To enable auto-regressive generation beyond a fixed number of scenes, Mask $^2$ DiT incorporates a segment-level conditional mask $m_c = (m_{c,1}, ..., m_{c,n}) \in \{0,1\}^n$ . During training, with probability $p$ , all segments except the last are set clean ( $t=0$ ), serving as fixed context, and only the $n$ -th segment is denoised. The loss is:

$L_{\rm cond} = \mathbb{E}_{z_V, z_T, \epsilon, t} \sum_{i=1}^n m_{c,i} \left\| v - v_\theta(z_{t,i}, t, z_{T_i}) \right\|_2^2$

At inference, new video segments can be appended iteratively by treating existing segments as clean context and generating the next with appropriate masking.

3. Masked Self-Attention Implementation

The standard Transformer computes attention as:

$\mathrm{Attention}(Q, K, V) = \mathrm{Softmax}\left(\frac{Q K^\top}{\sqrt{d}}\right) V$

To enforce dual masking, Mask $^2$ DiT adds a log-zero bias:

$A_{i,j} = \begin{cases} 0, & M_{i,j} = 1 \ -\infty, & M_{i,j} = 0 \end{cases}$

Thus,

$\mathrm{MaskedAttn}(Q, K, V) = \mathrm{Softmax}\left(\frac{Q K^\top}{\sqrt{d}} + A \right) V$

This ensures each token only aggregates information as permitted by the symmetric segment alignment and cross-segment continuity constraints.

4. Training and Inference Protocol

Mask $^2$ DiT adopts a two-stage training regime:

Pre-training: On randomly concatenated single-scene clips, using only the symmetric attention mask and optimizing

$L_{\rm pre}^{(n)} = \mathbb{E} \sum_{i=1}^n \| v - v_\theta(z_{t,i}, t, z_{T_i}) \|_2^2$

Supervised fine-tuning: On real multi-scene videos, interleaving the conditional loss $L_{\rm cond}$ (with probability $p$ ) and the non-conditional loss (probability $1-p$), teaching both fixed-length and auto-regressive generation.

Inference (Auto-Regressive Extension):

Encode existing segments, setting $t=0$ (clean context).
Sample noise and form noisy tokens for the new segment.
Construct masks (both symmetric and conditional).
Predict visual tokens for the new segment via masked-attention.
Decode to video frames and iterate for further extension.

5. Empirical Evaluation

On a dataset of 5,371 multi-scene videos (three prompts each), Mask $^2$ DiT yields the following performance:

Metric	Mask $^2$ DiT	CogVideoX
Visual Consistency	70.95%	55.01%
Semantic Consistency	23.94%	22.64%
Sequence Consistency	47.45%	38.82%
Fréchet Video Distance	720.01	835.35

Mask $^2$ DiT achieves a 15.94 pp gain in visual consistency and an 8.63 pp increase in sequence consistency relative to the DiT backbone.
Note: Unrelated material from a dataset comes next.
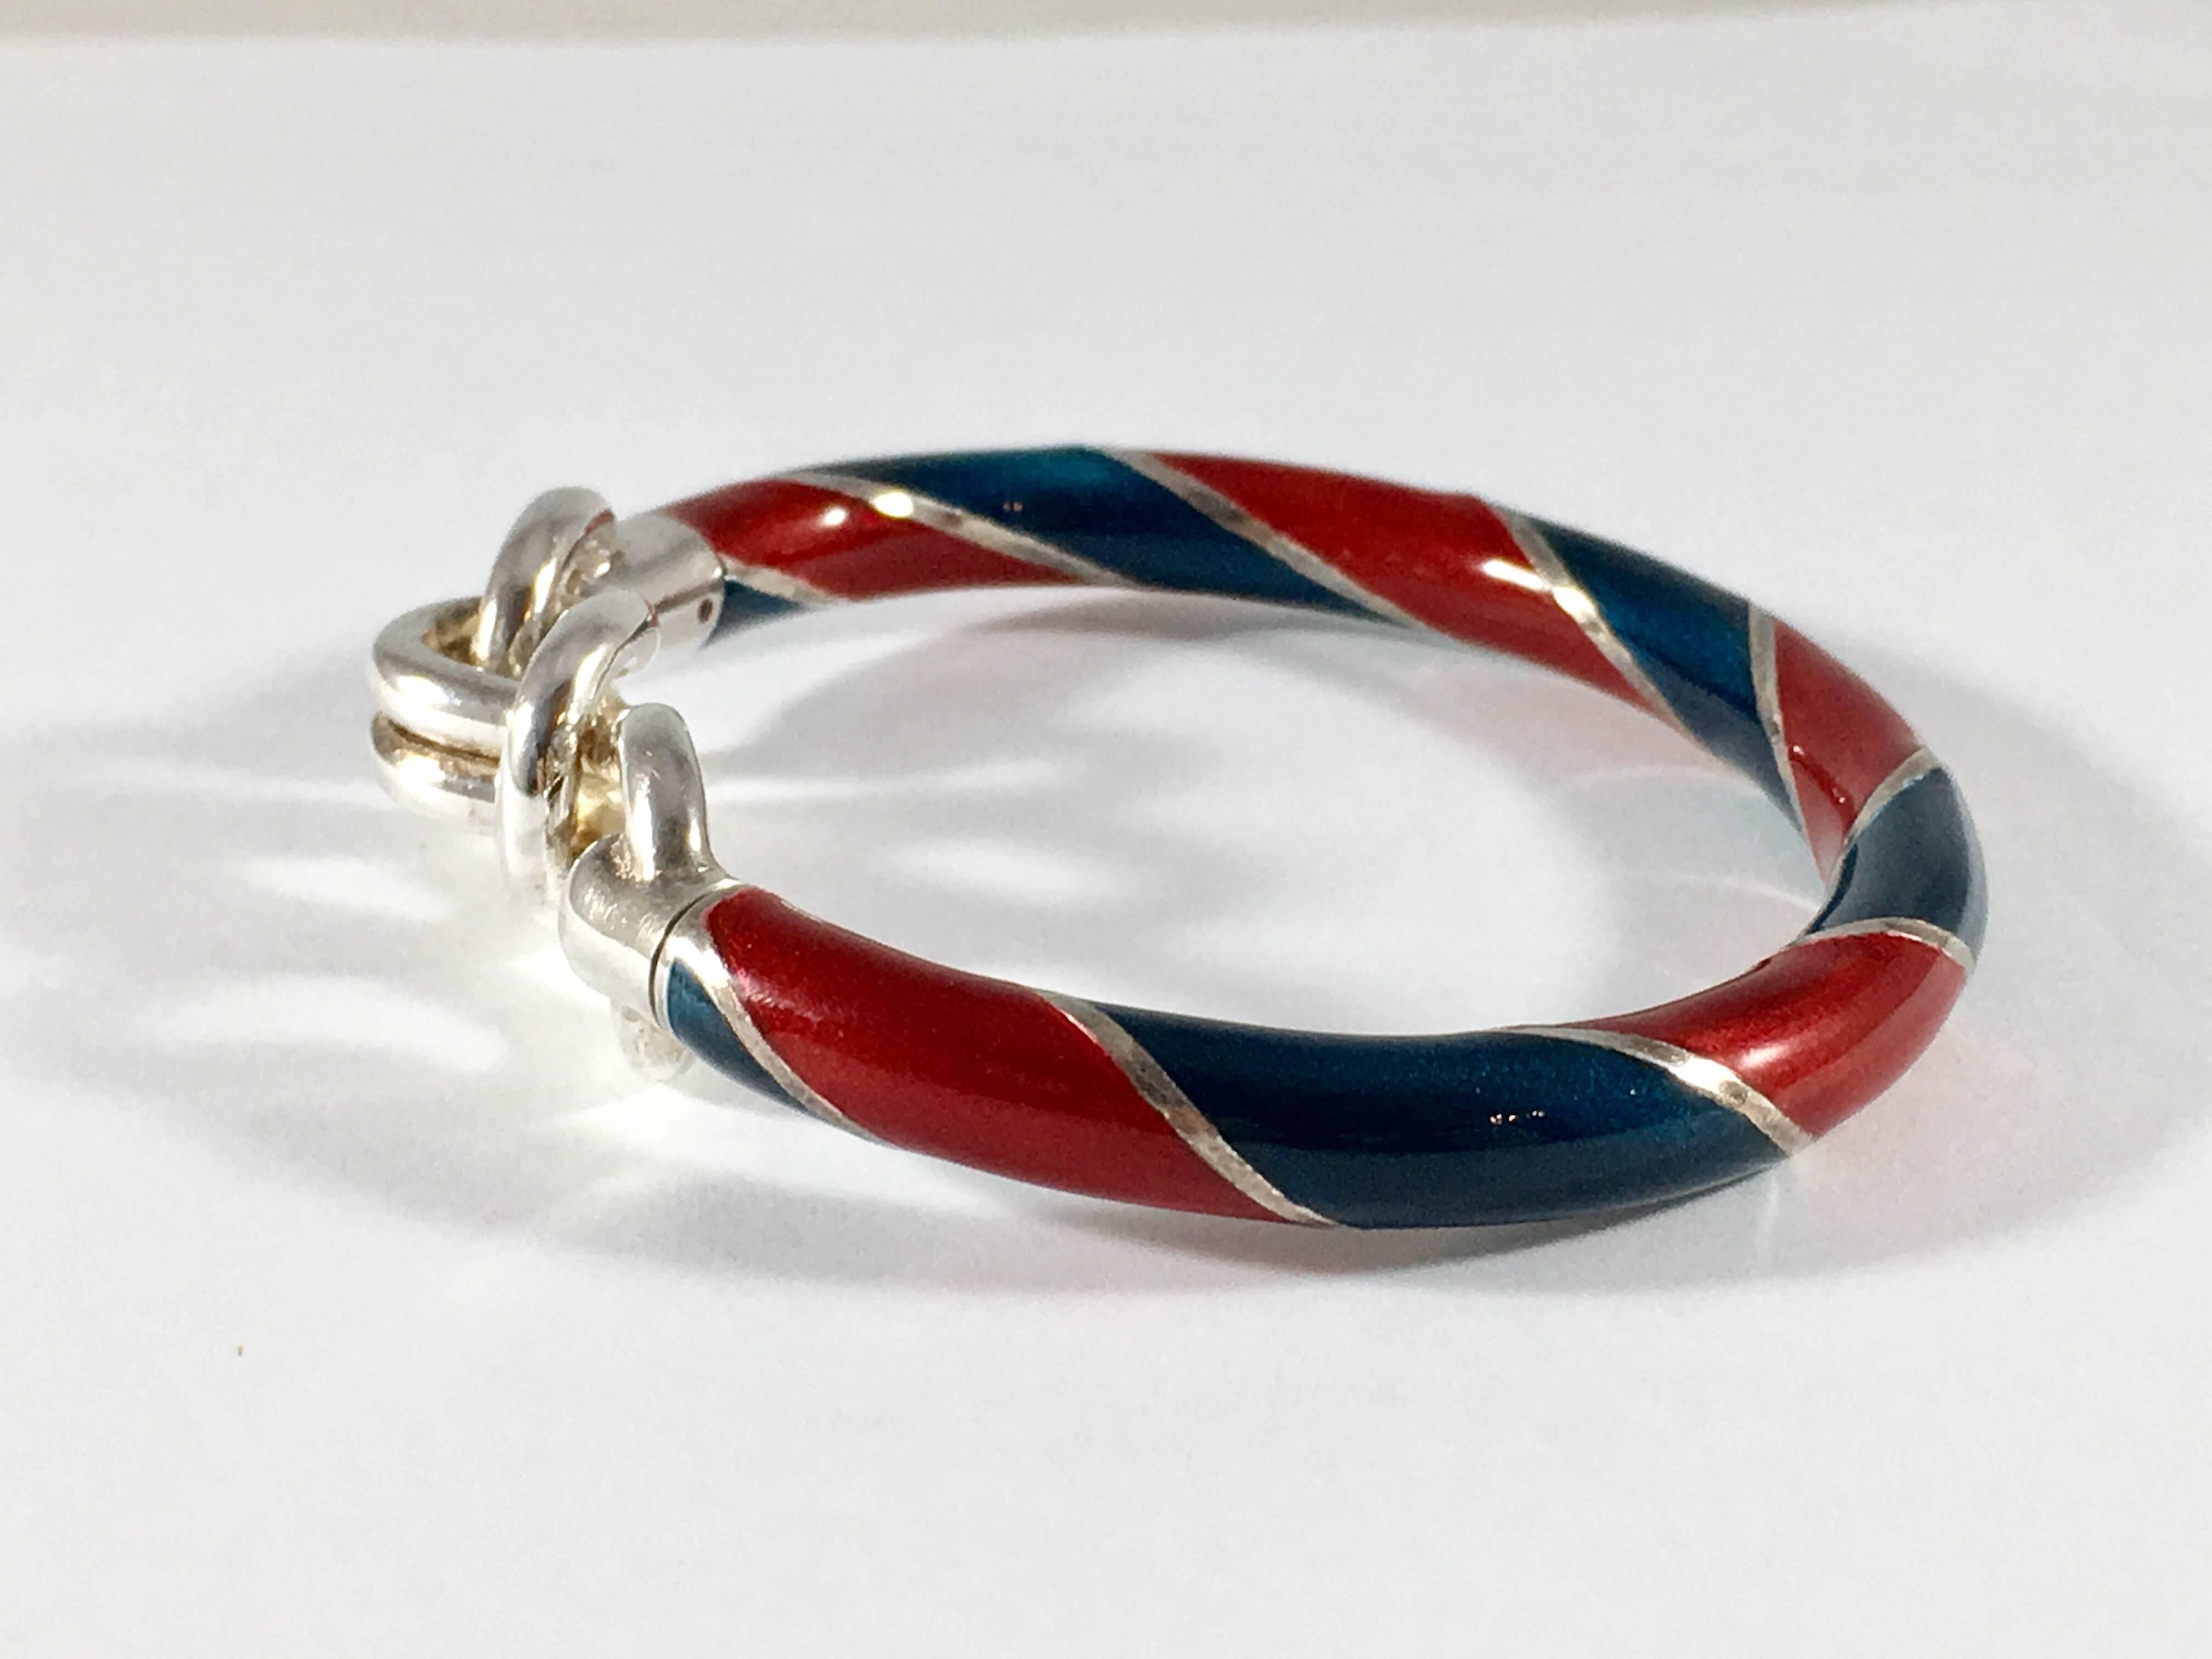 Vintage Gucci Sterling Silver Bracelet with Enamel Stripes of Red and Blue 1980s In Excellent Condition For Sale In Chicago, IL

Qualitatively, actors, backgrounds, and visual styles exhibit high stability across segments, and each segment accurately matches its dedicated text prompt.

Mask $^2$ DiT’s dual-mask paradigm is distinct in its segment-specific alignment and temporal continuity objectives for video. Prior works such as MDTv2 (Gao et al., 2023) and Mask $^2$ DiT for image synthesis (Zheng et al., 2023) use masking strategies—typically on spatial tokens or class-conditioning—for accelerated training and improved context modeling in image diffusion, but do not address segment-level textual grounding or auto-regressive scene compositionality required for multi-scene video. This highlights Mask $^2$ DiT's role in establishing prompt-segment alignments within long temporal video contexts.

7. Implications and Prospects

The dual-mask design in Mask $^2$ DiT demonstrates that precise segment-level prompt conditioning and temporal continuity can be achieved within a global self-attention framework by simple yet functionally powerful masking. The architecture enables both fixed-length and flexible, compositional video generation in an auto-regressive regimen. This approach extends the capabilities of DiT-based models, opening avenues for research into large-scale, high-coherence multi-scene video synthesis and providing a strong blueprint for further extensions in conditional and sequential generative modeling (Qi et al., 25 Mar 2025).